- **Task prompt**
Take the material below and extract the lines from the one with "youthful butterfly cutout" through the one with "NASA Mark III", word for word, without pictures.

- **Data provided**
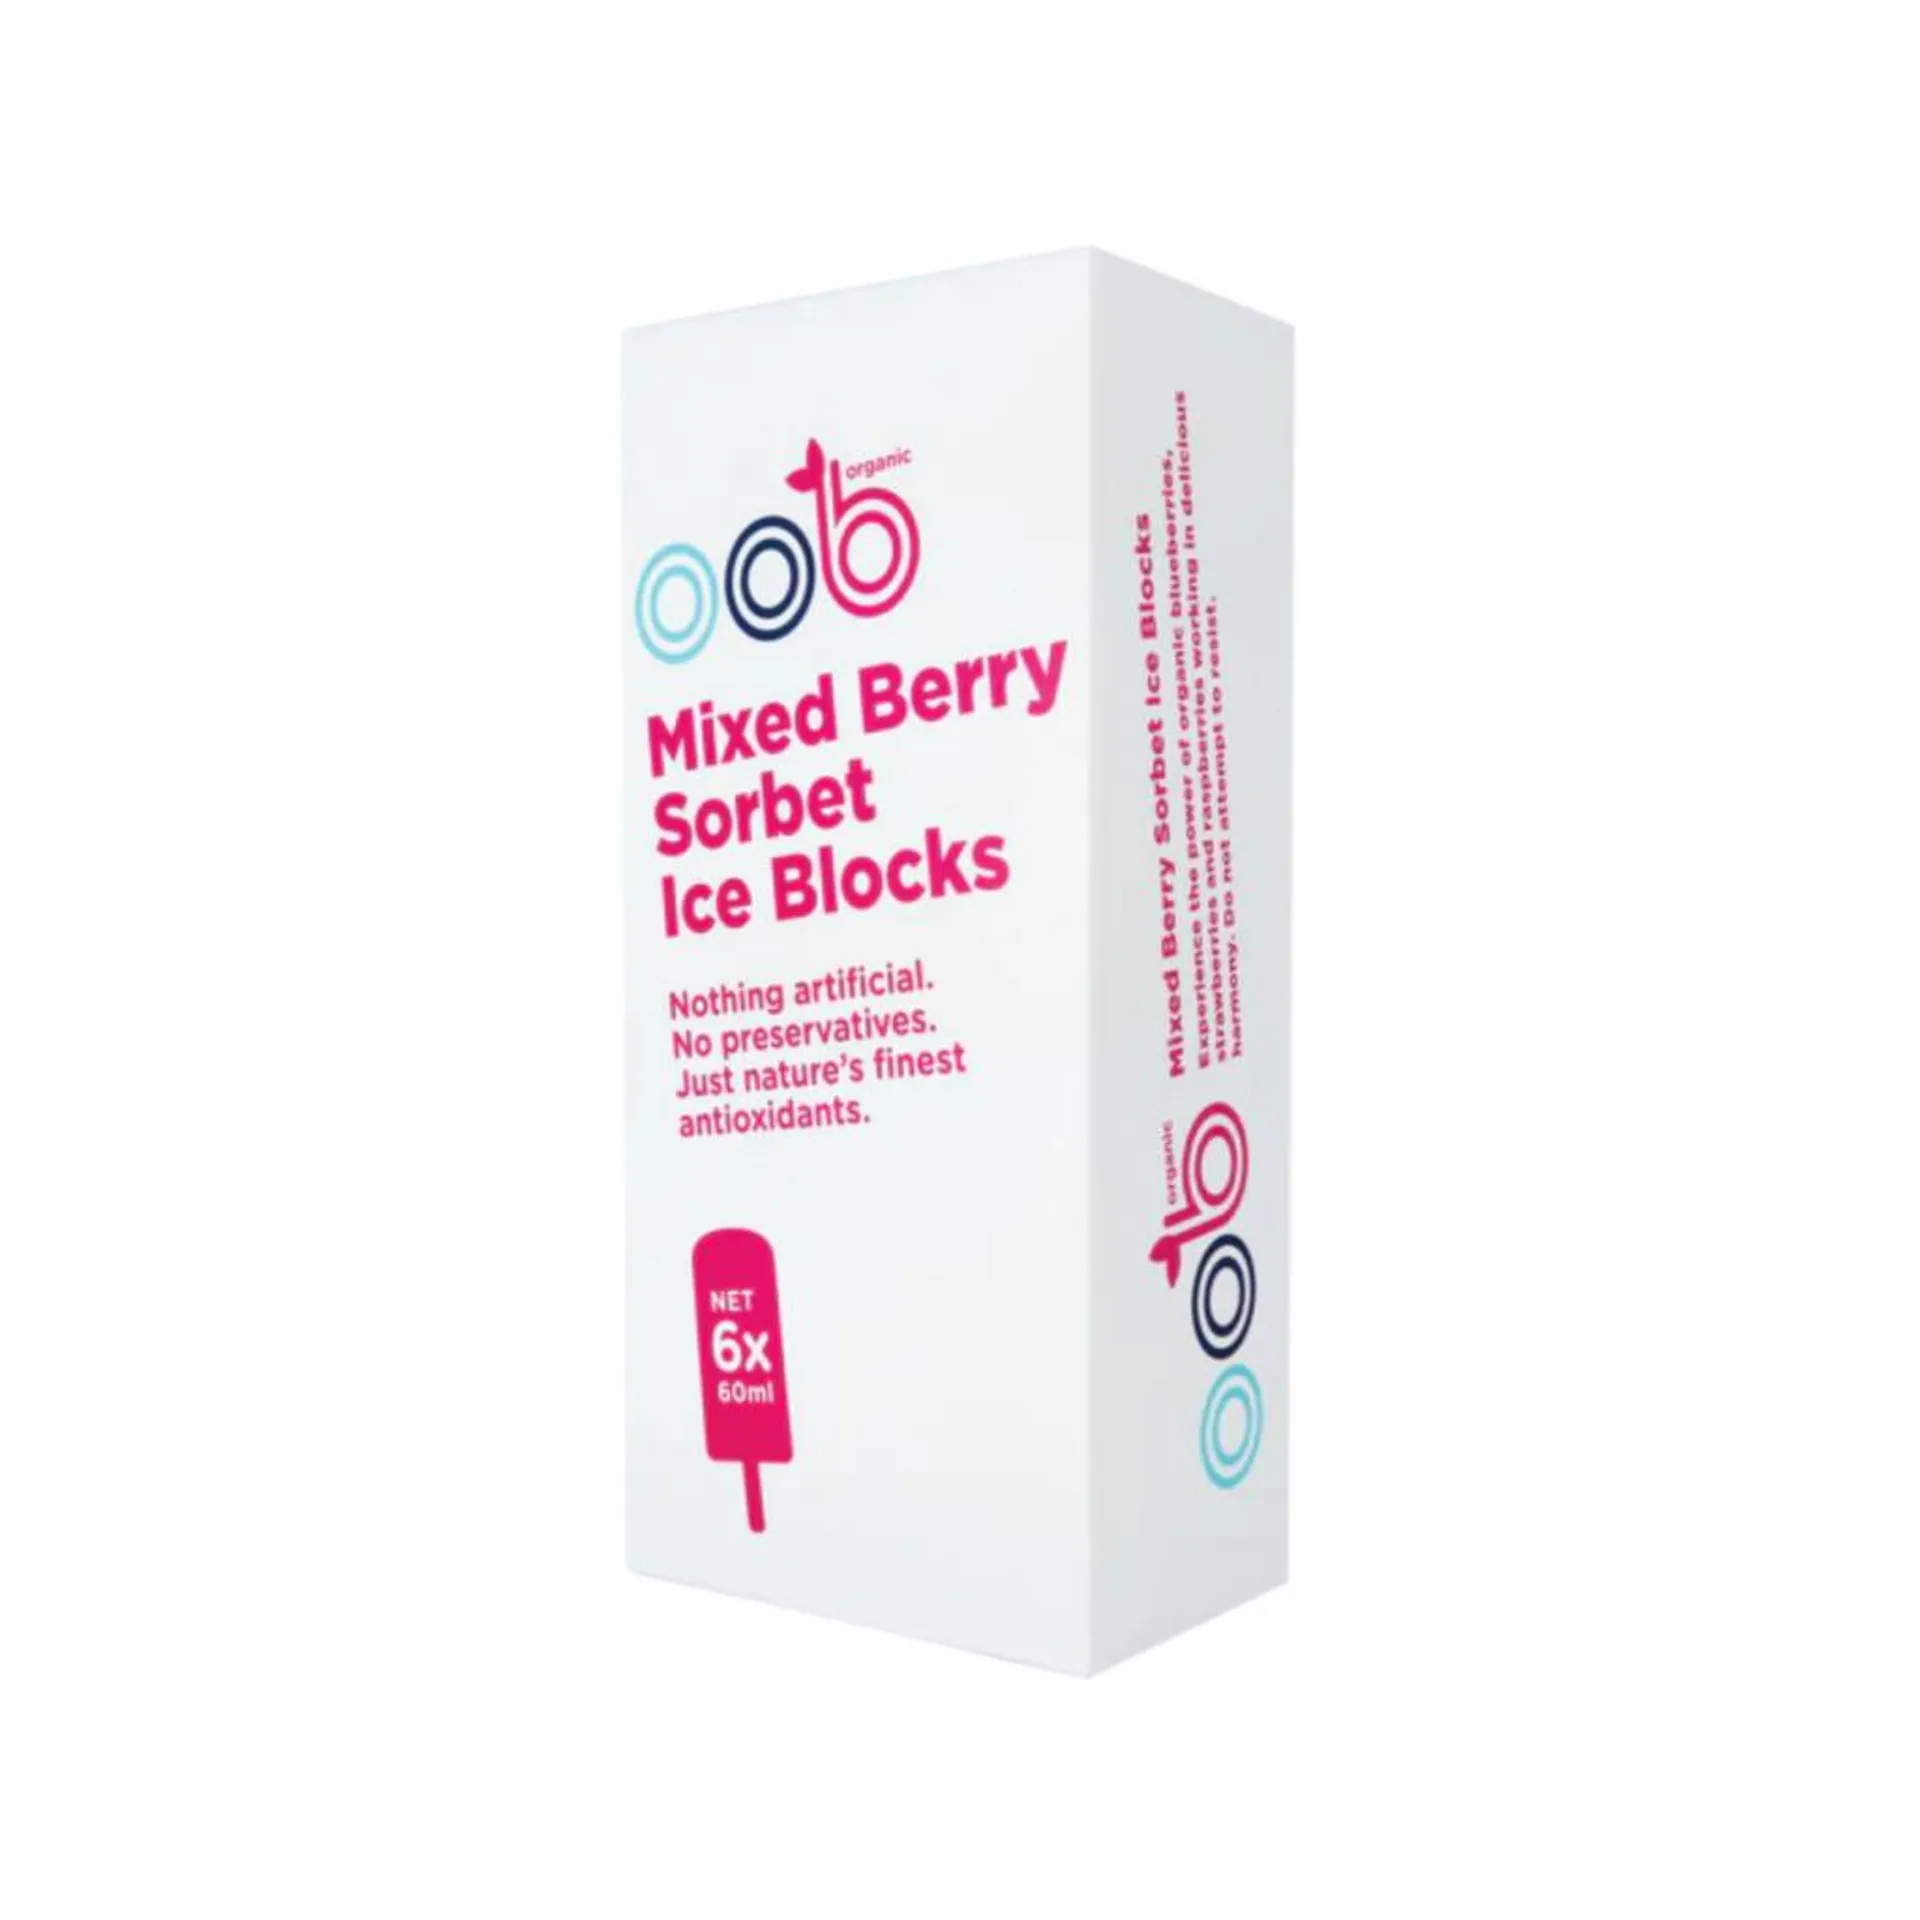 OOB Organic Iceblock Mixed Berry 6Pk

==

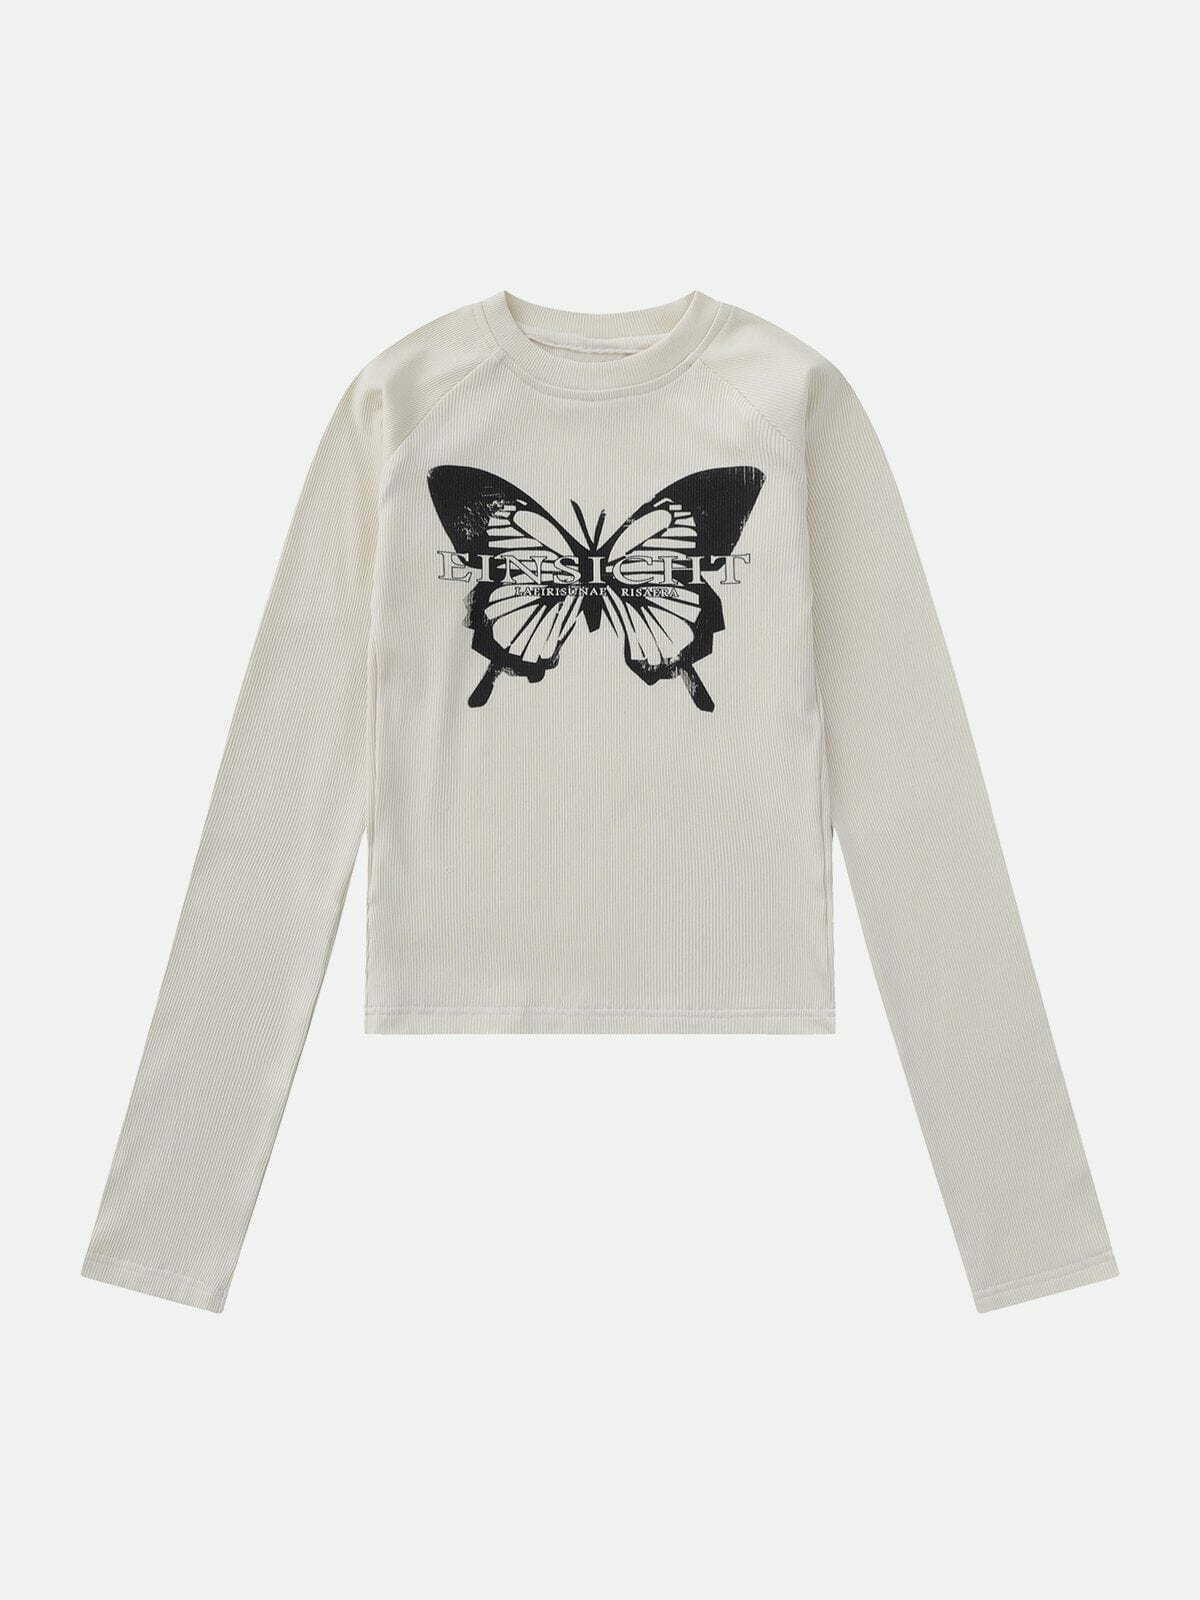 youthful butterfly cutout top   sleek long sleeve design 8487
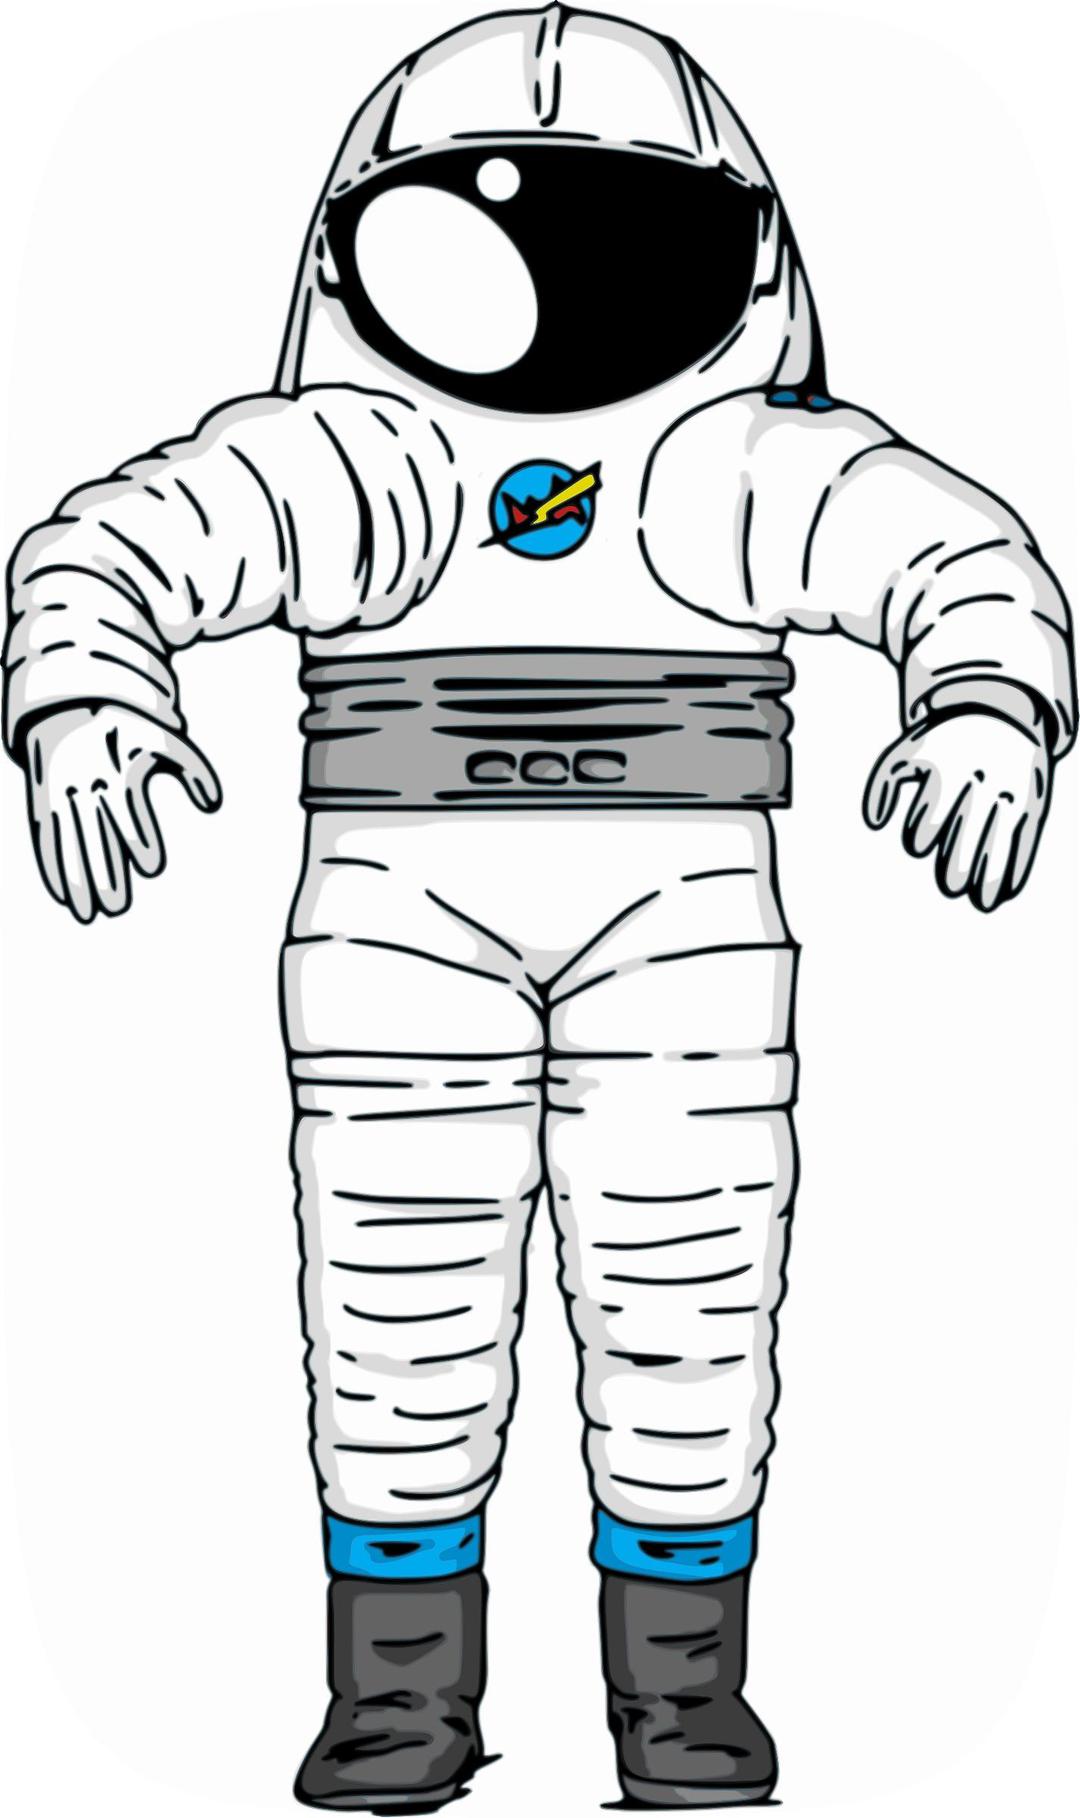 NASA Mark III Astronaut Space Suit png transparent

---

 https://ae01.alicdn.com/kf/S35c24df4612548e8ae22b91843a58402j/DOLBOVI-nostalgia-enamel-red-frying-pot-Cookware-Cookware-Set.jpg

- **Written answer**
 youthful butterfly cutout top   sleek long sleeve design 8487
 NASA Mark III Astronaut Space Suit png transparent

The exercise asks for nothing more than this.